# Thread: the number of solutions in N²

1. ## the number of solutions in N²

Determine the number of solutions in N² of the equation:
x² + y² + 2xy-2019x-2019y-2020 = 0

2. ## Re: the number of solutions in N²

Factor it. You should find either 2019 or 2020 solutions in $\mathbb{N}^2$ depending on whether zero is a natural number or not. Some books say it is, some say it is not.

3. ## Re: the number of solutions in N²

Originally Posted by SlipEternal
Factor it. You should find either 2019 or 2020 solutions in $\mathbb{N}^2$ depending on whether zero is a natural number or not. Some books say it is, some say it is not.
Thanks ...if zero is a natural number then you have" n" solutions whether zero is not a natural number "n-1" solutions..

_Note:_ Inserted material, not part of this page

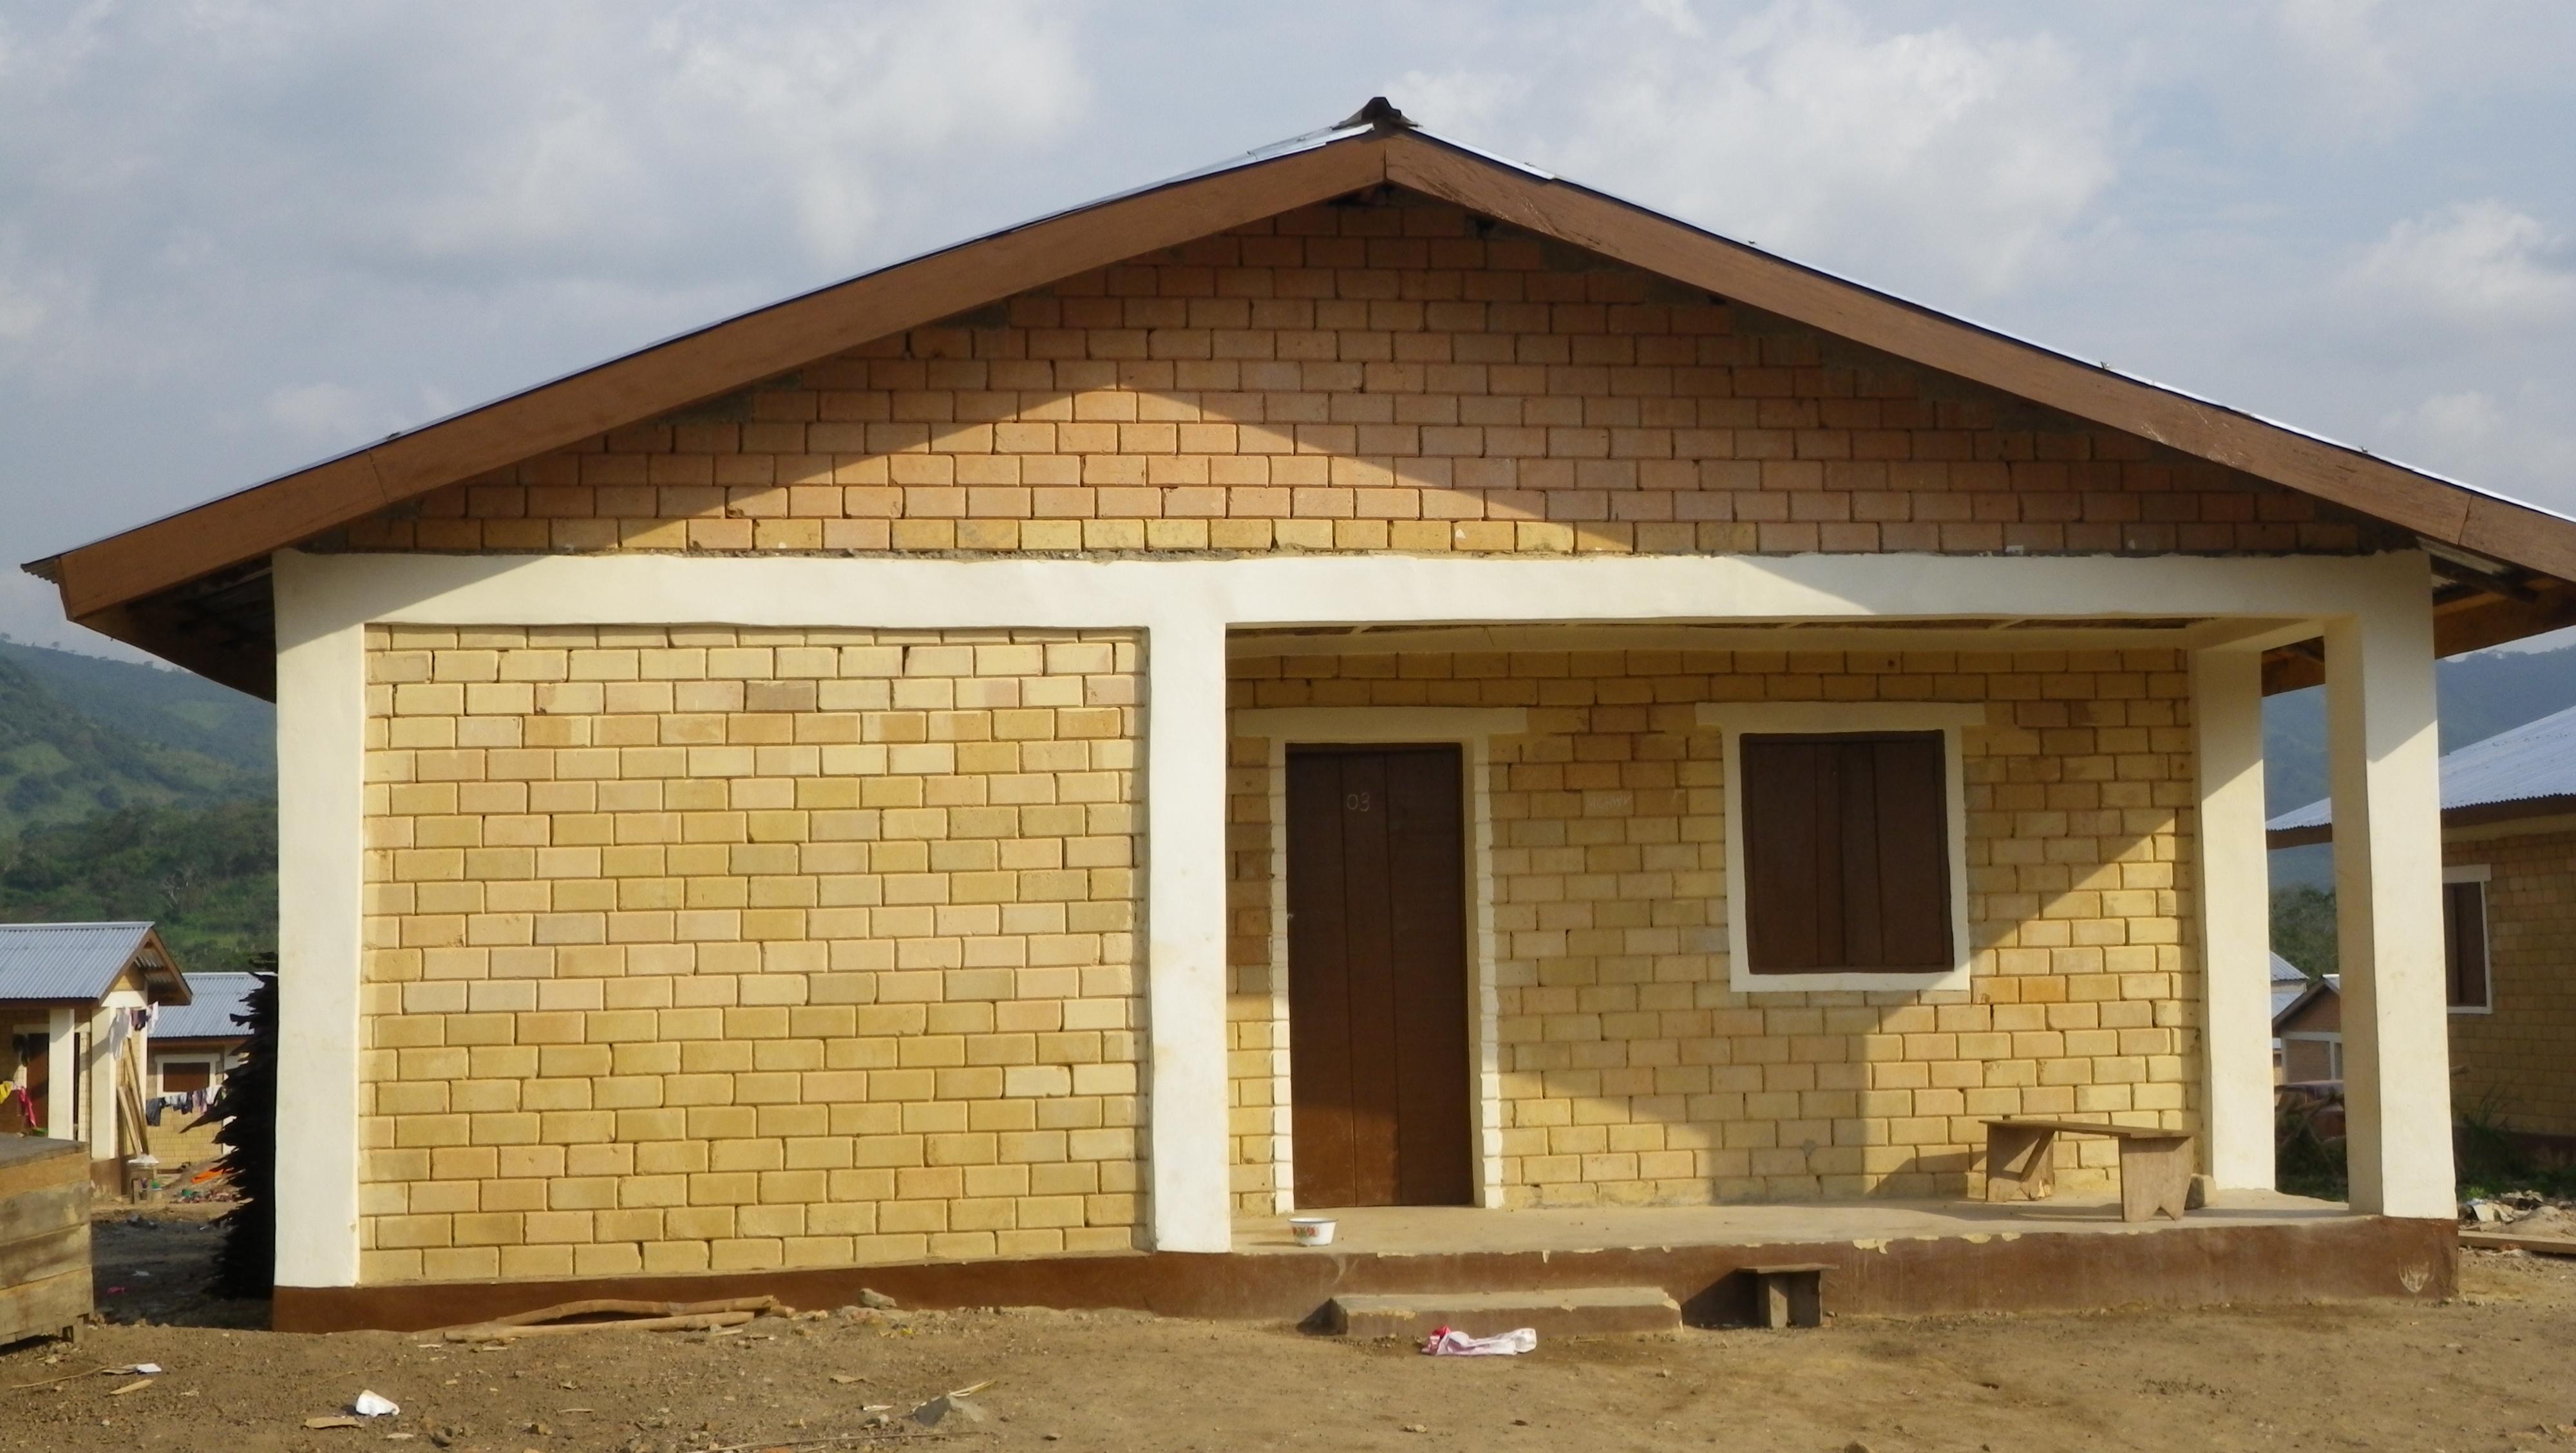 Resettlement housing

4. ## Re: the number of solutions in N²

\begin{align}(x+y)^2 - 2019(x+y) - 2020 &= 0 &\text{now set $u=x+y$ for clarity} \\ u^2 - 2019u -2020 &= 0 \\ (u-2020)(u+1) &= 0 &\text{and replace $u=x+y$} \\ (x+y-2020)(x+y+1) &= 0\end{align}
That's two solutions to be interpreted.

5. ## Re: the number of solutions in N²

Originally Posted by Archie
\begin{align}(x+y)^2 - 2019(x+y) - 2020 &= 0 &\text{now set $u=x+y$ for clarity} \\ u^2 - 2019u -2020 &= 0 \\ (u-2020)(u+1) &= 0 &\text{and replace $u=x+y$} \\ (x+y-2020)(x+y+1) &= 0\end{align}
That's two solutions to be interpreted.
It is one solution for $u$ (over natural numbers) but 2019 or 2020 over $x,y$. Example: (1,2019), (2,2018), (3,2017), etc. are all distinct solutions over the natural numbers.